━━━━━ Source material ━━━━━

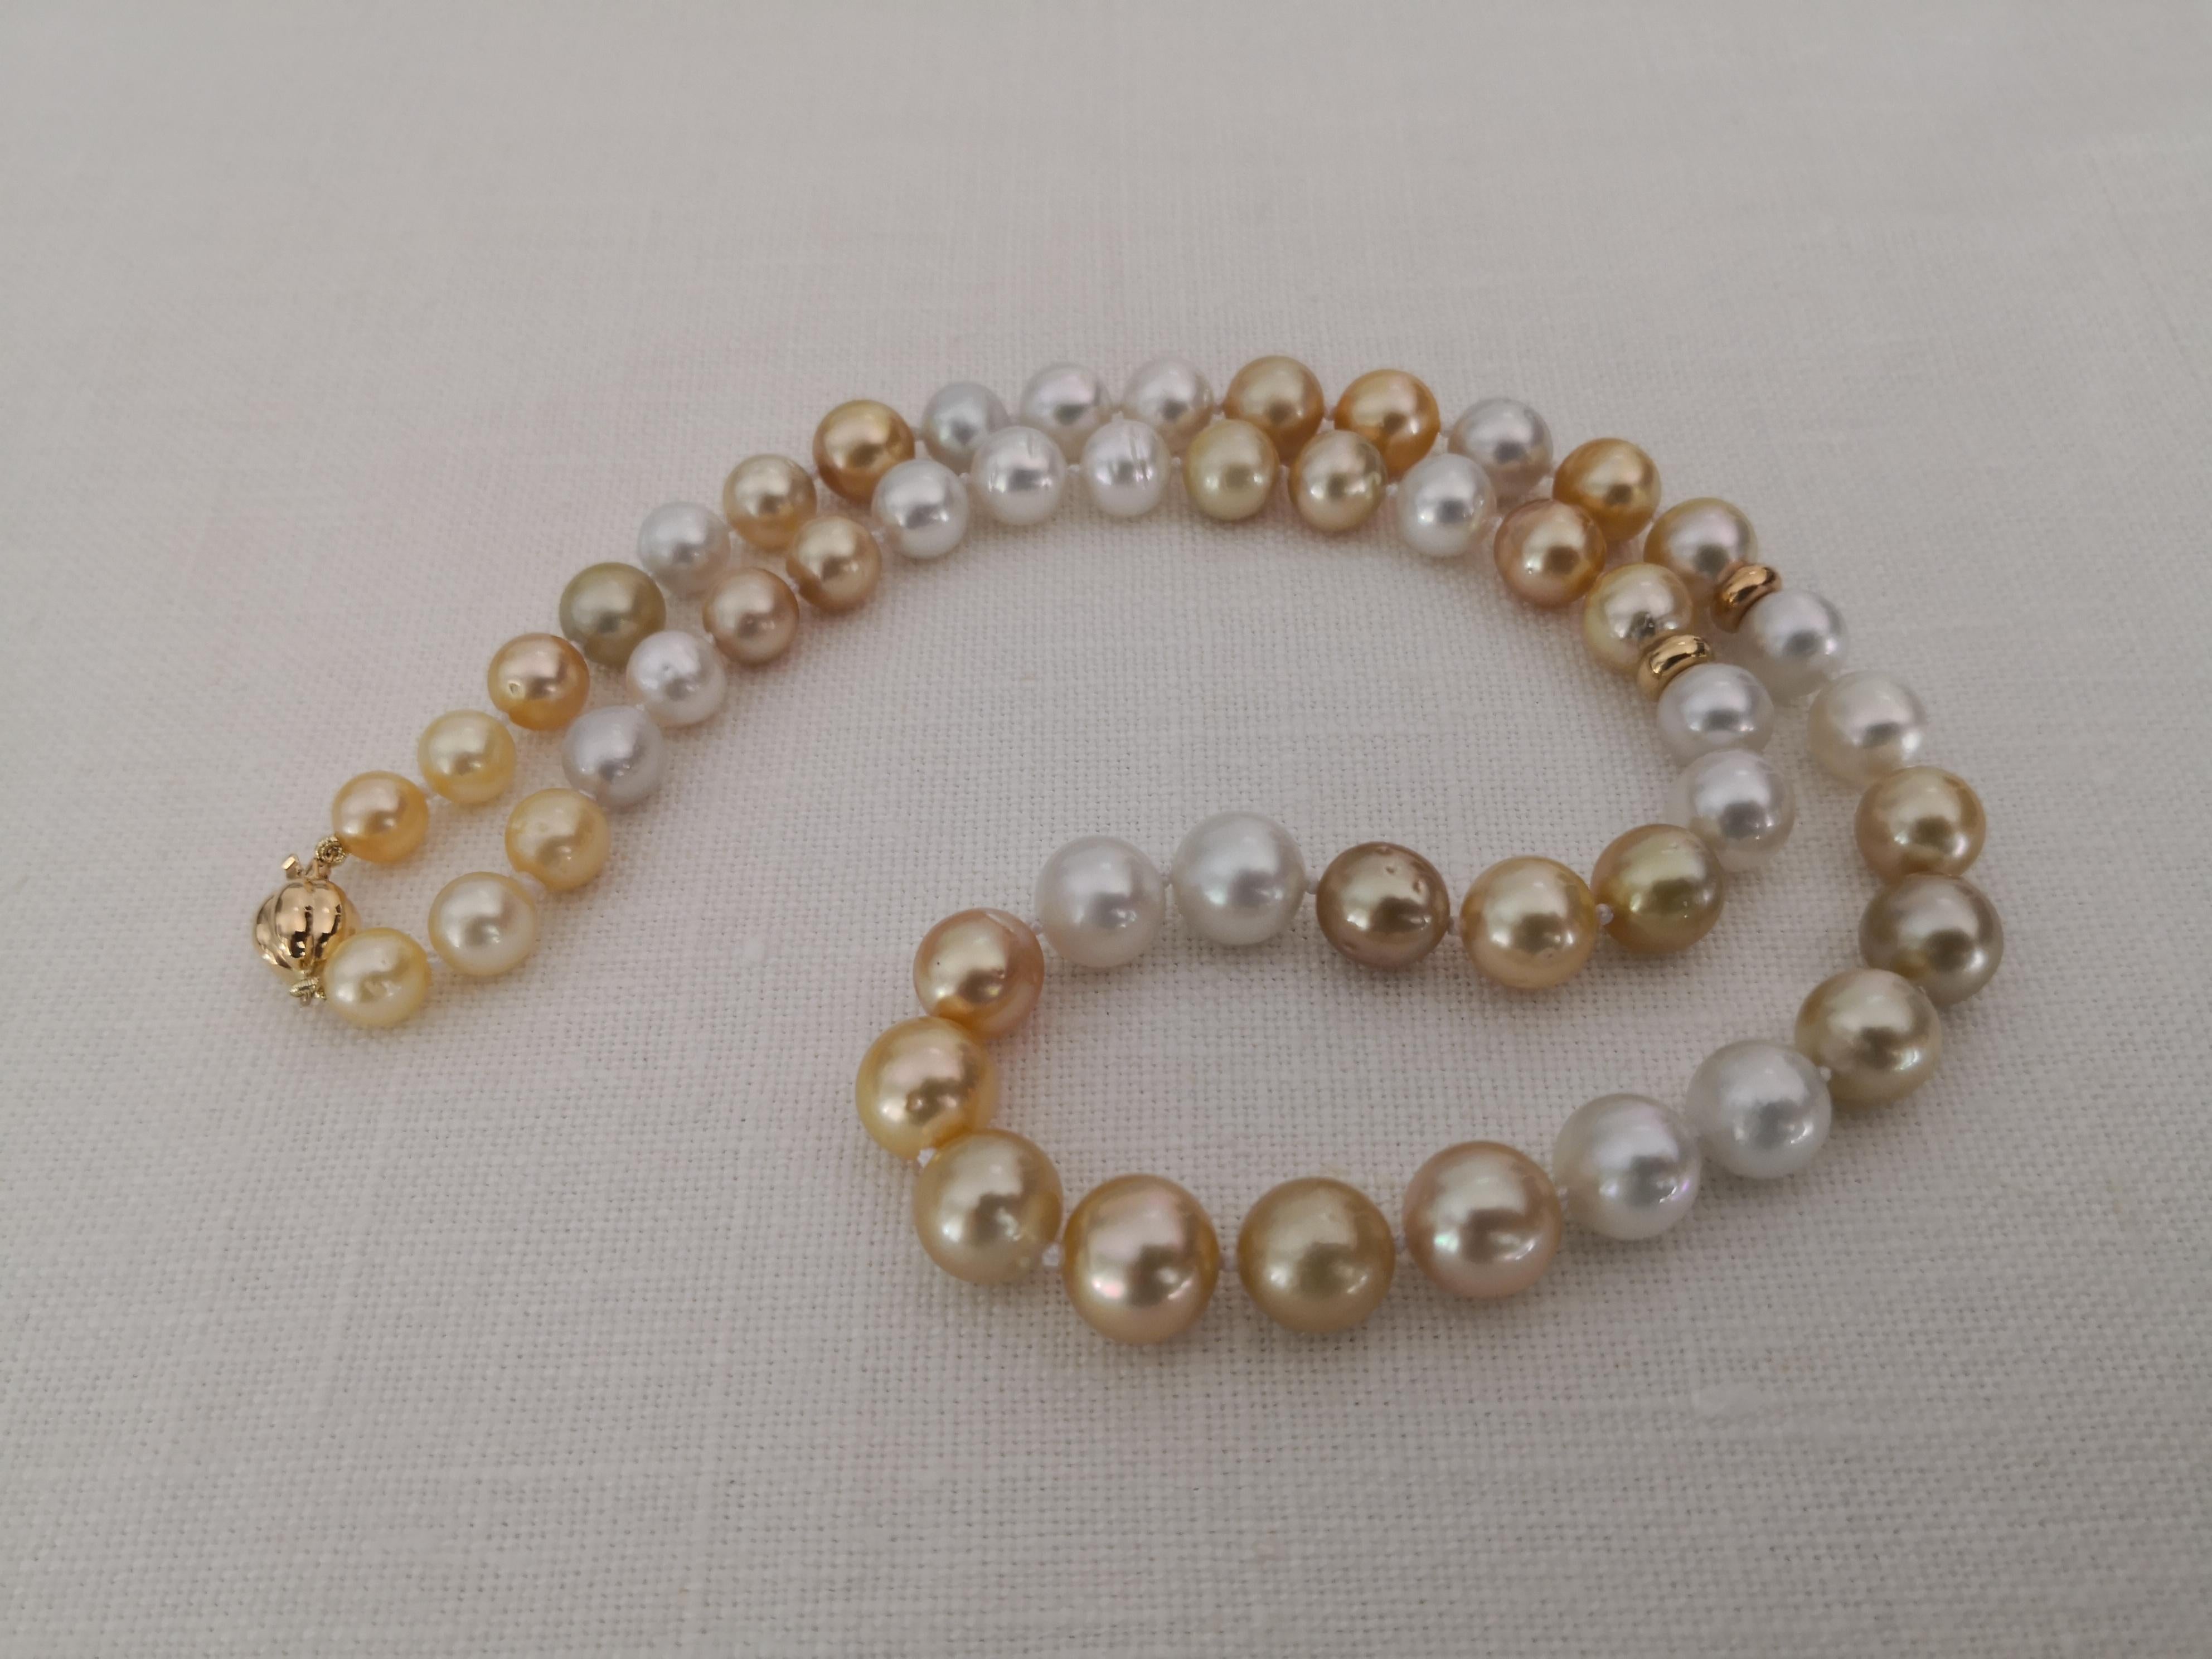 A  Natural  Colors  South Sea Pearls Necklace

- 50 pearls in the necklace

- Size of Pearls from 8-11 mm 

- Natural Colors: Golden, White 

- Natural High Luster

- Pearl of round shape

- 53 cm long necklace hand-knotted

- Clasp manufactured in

━━━━━

**What you are asked to do**. Would you quote, exactly and only, the lines from the one containing "- Natural Colors: Golden, White" to the end of the entries?

**Exercise response**.
- Natural Colors: Golden, White 

- Natural High Luster

- Pearl of round shape

- 53 cm long necklace hand-knotted

- Clasp manufactured in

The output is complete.